INFORMATION SHOWN:
---*---
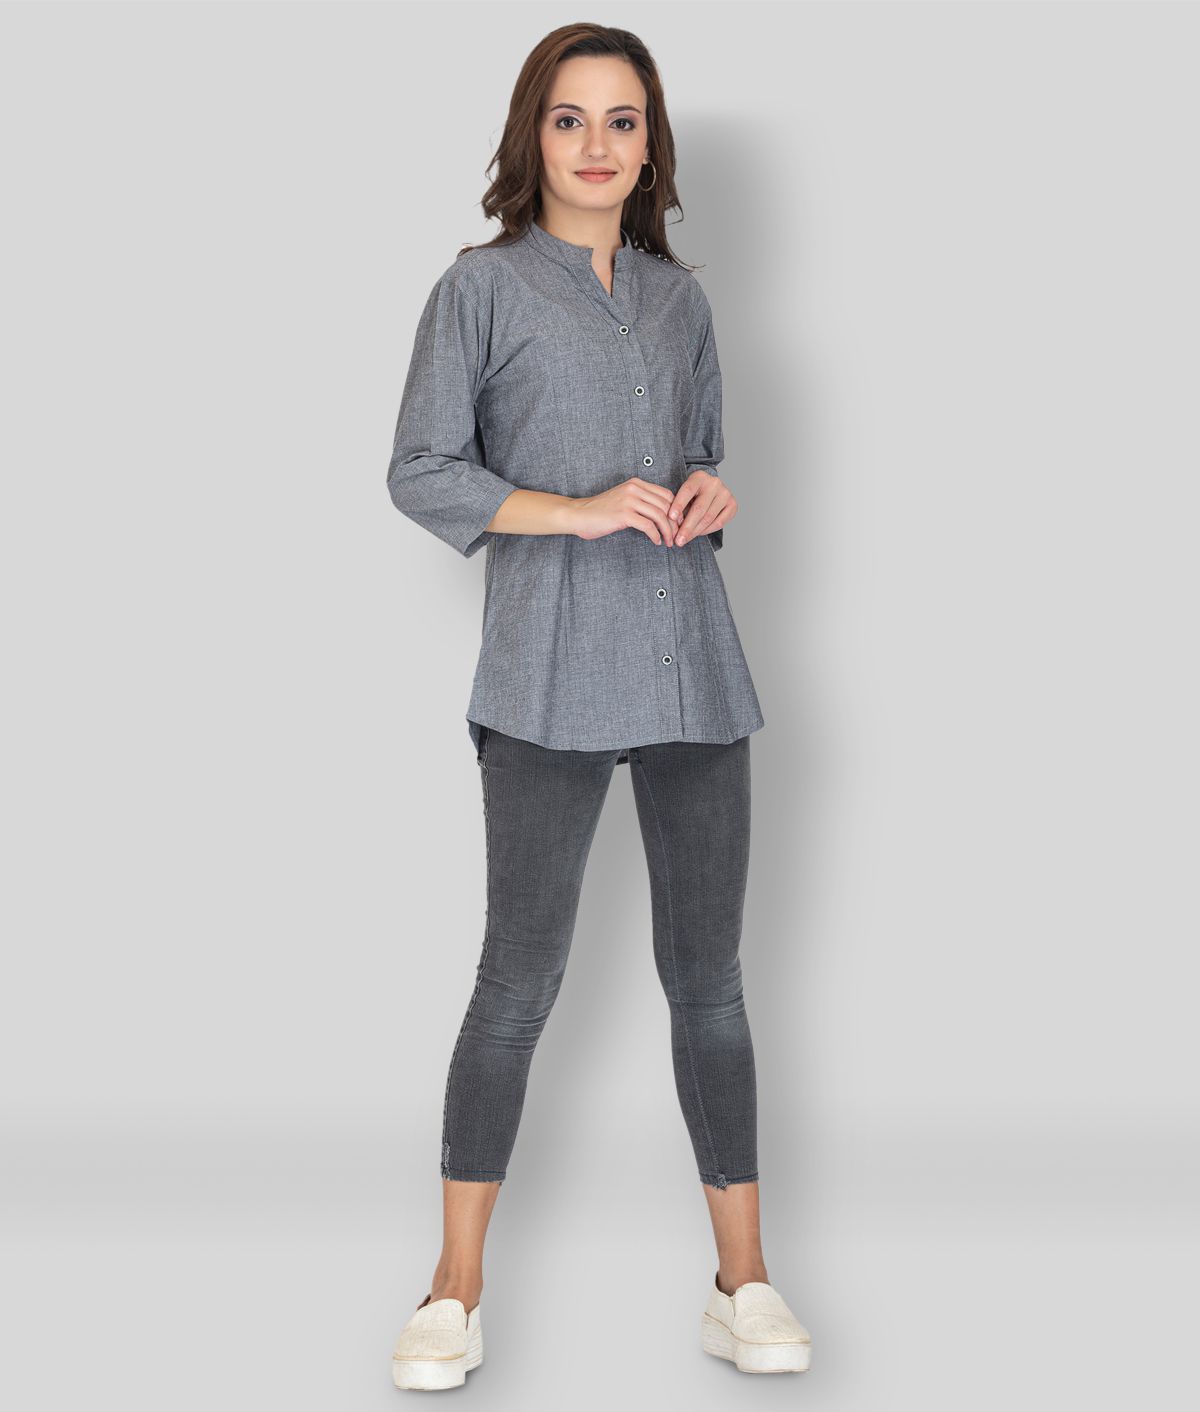     			SBA - Light Grey Cotton Blend Women's Shirt Style Top ( Pack of 1 )
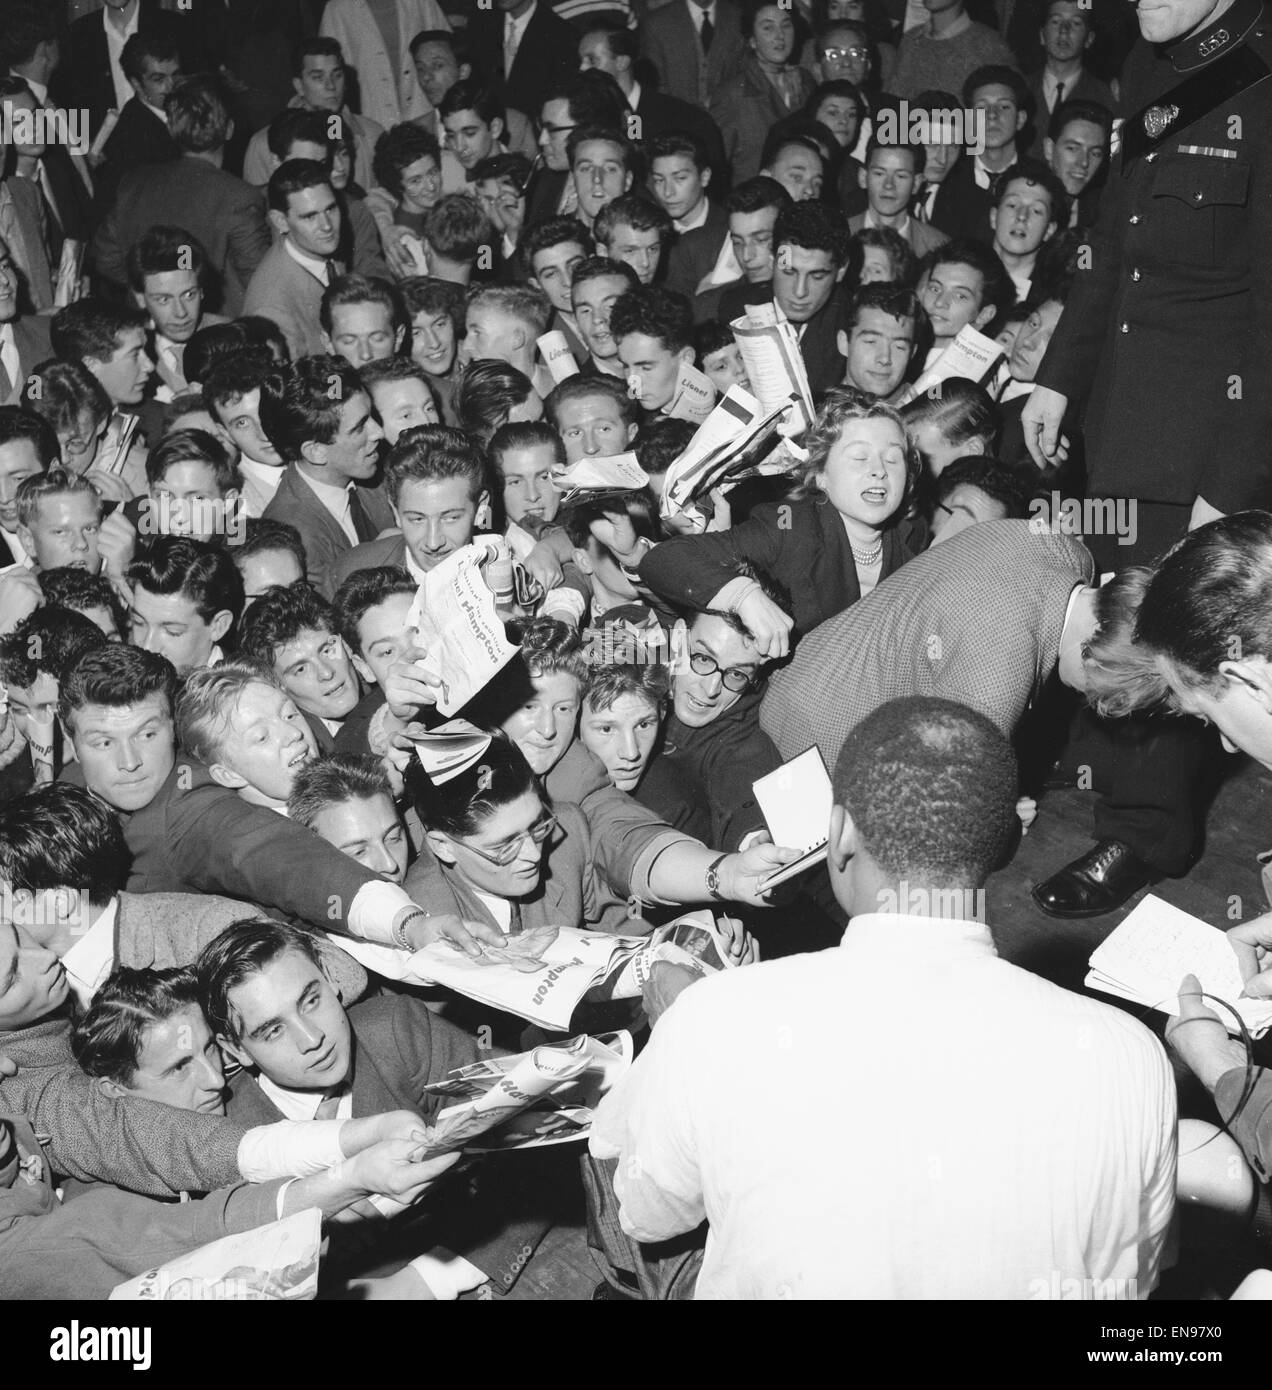 Rush des fans pour l'autographe de la légende du jazz Lionel Hampton à l'Empress Hall, Londres. 21 Octobre 1956 Banque D'Images
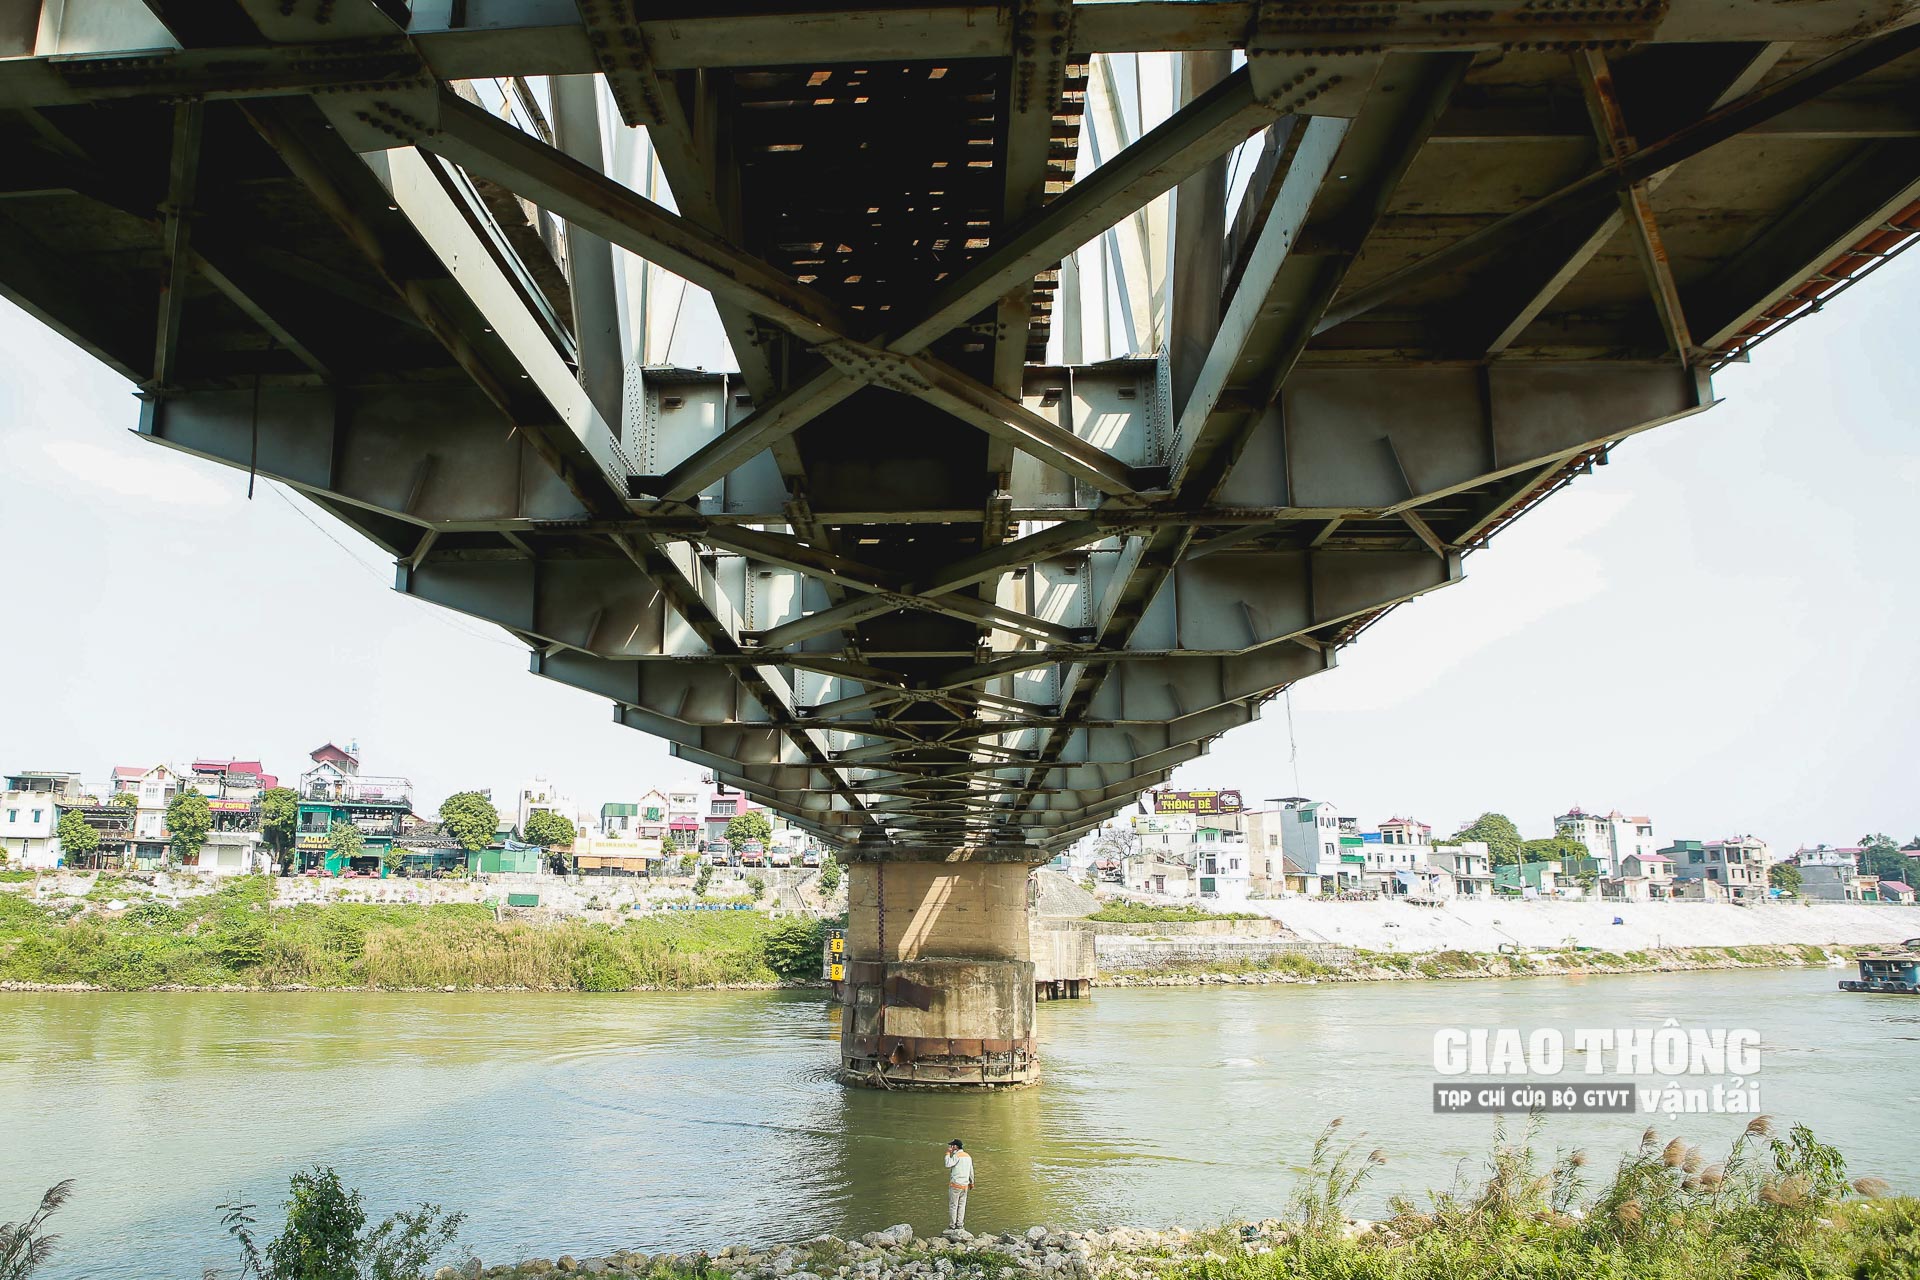 Lý giải về những điểm xuống cấp vẫn hiện hữu nhiều tháng nay trên cầu Đuống, Công ty Hà Hải cho biết, vốn duy tu cầu Đuống chủ yếu dành cho bảo trì đường sắt, trong khi vốn cho đường bộ không đáng kể nên phải cân đối, chỉ còn cách “hỏng đâu sửa đấy”.
---*---
DIRECTIONS FOR THIS TASK: Pictures included in the data should be dropped; everything else must be repeated exactly.

ANSWER SECTION:
     			SBA - Light Grey Cotton Blend Women's Shirt Style Top ( Pack of 1 )
 Rush des fans pour l'autographe de la légende du jazz Lionel Hampton à l'Empress Hall, Londres. 21 Octobre 1956 Banque D'Images
 Lý giải về những điểm xuống cấp vẫn hiện hữu nhiều tháng nay trên cầu Đuống, Công ty Hà Hải cho biết, vốn duy tu cầu Đuống chủ yếu dành cho bảo trì đường sắt, trong khi vốn cho đường bộ không đáng kể nên phải cân đối, chỉ còn cách “hỏng đâu sửa đấy”.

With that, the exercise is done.